[[ Given records open ]]
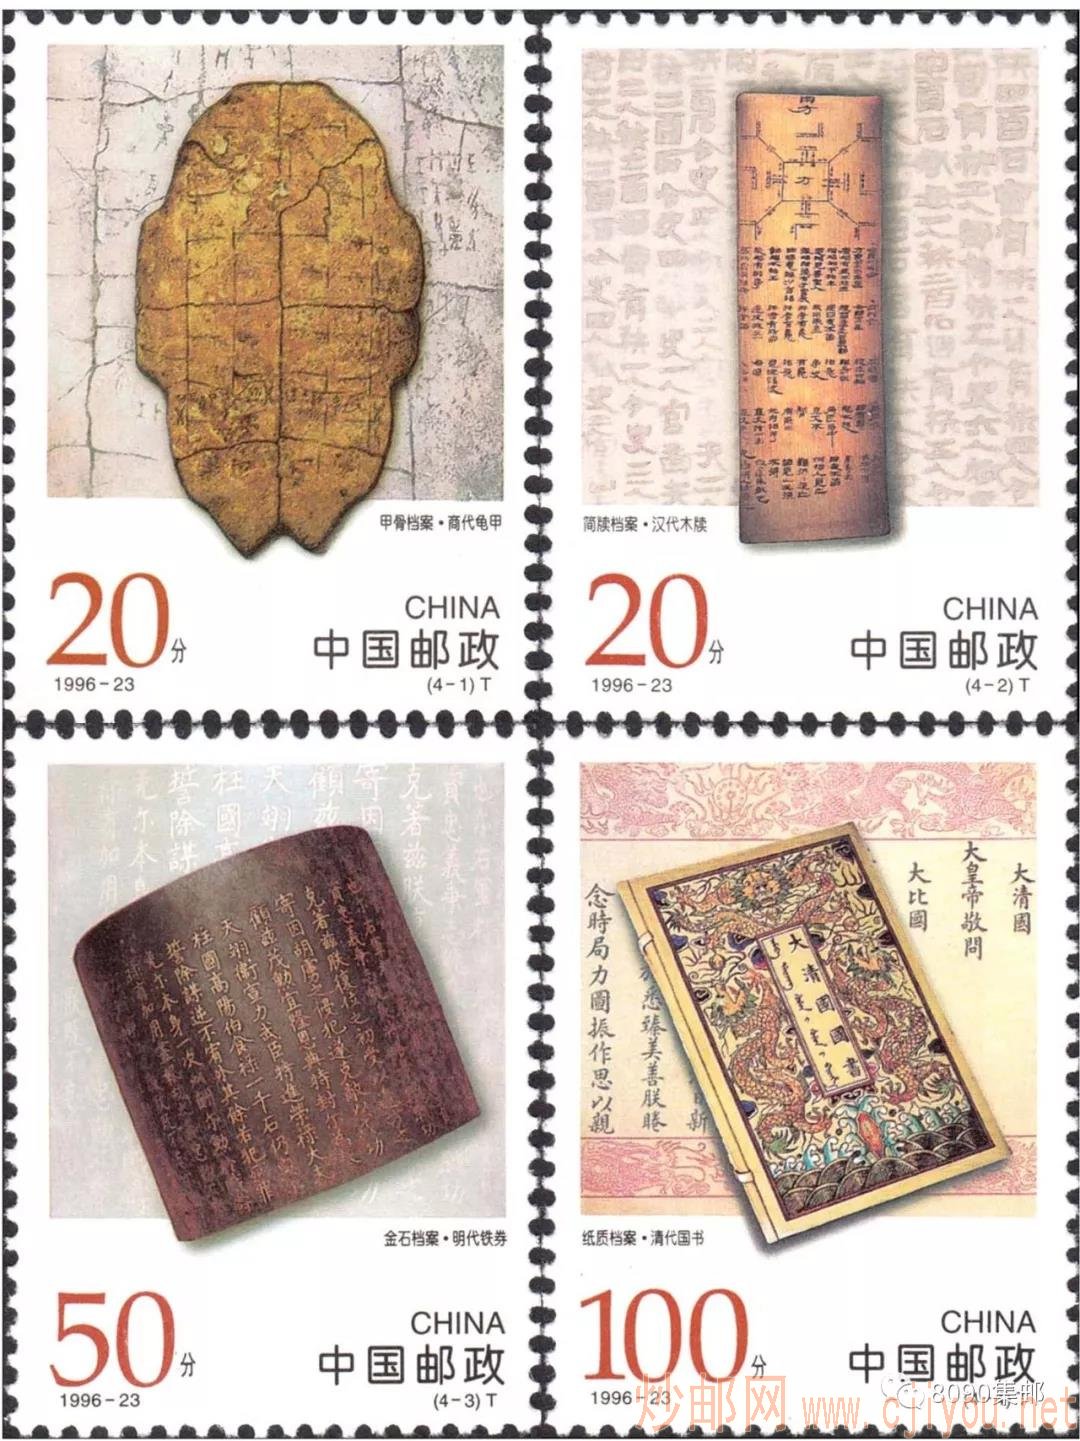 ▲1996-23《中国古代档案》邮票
[[ Given records closed ]]
[[ Given records open ]]
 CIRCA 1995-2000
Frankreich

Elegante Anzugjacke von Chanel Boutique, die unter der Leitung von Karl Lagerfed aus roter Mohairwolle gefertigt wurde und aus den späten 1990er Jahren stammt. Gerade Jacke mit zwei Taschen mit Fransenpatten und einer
[[ Given records closed ]]
What needs to be done = Your task is to transcribe, with no changes, only the lines of the listing above that lie between the line holding "CIRCA 1995-2000" and the line holding "Elegante Anzugjacke von", inclusive.

Problem solution =
 CIRCA 1995-2000
Frankreich

Elegante Anzugjacke von Chanel Boutique, die unter der Leitung von Karl Lagerfed aus roter Mohairwolle gefertigt wurde und aus den späten 1990er Jahren stammt. Gerade Jacke mit zwei Taschen mit Fransenpatten und einer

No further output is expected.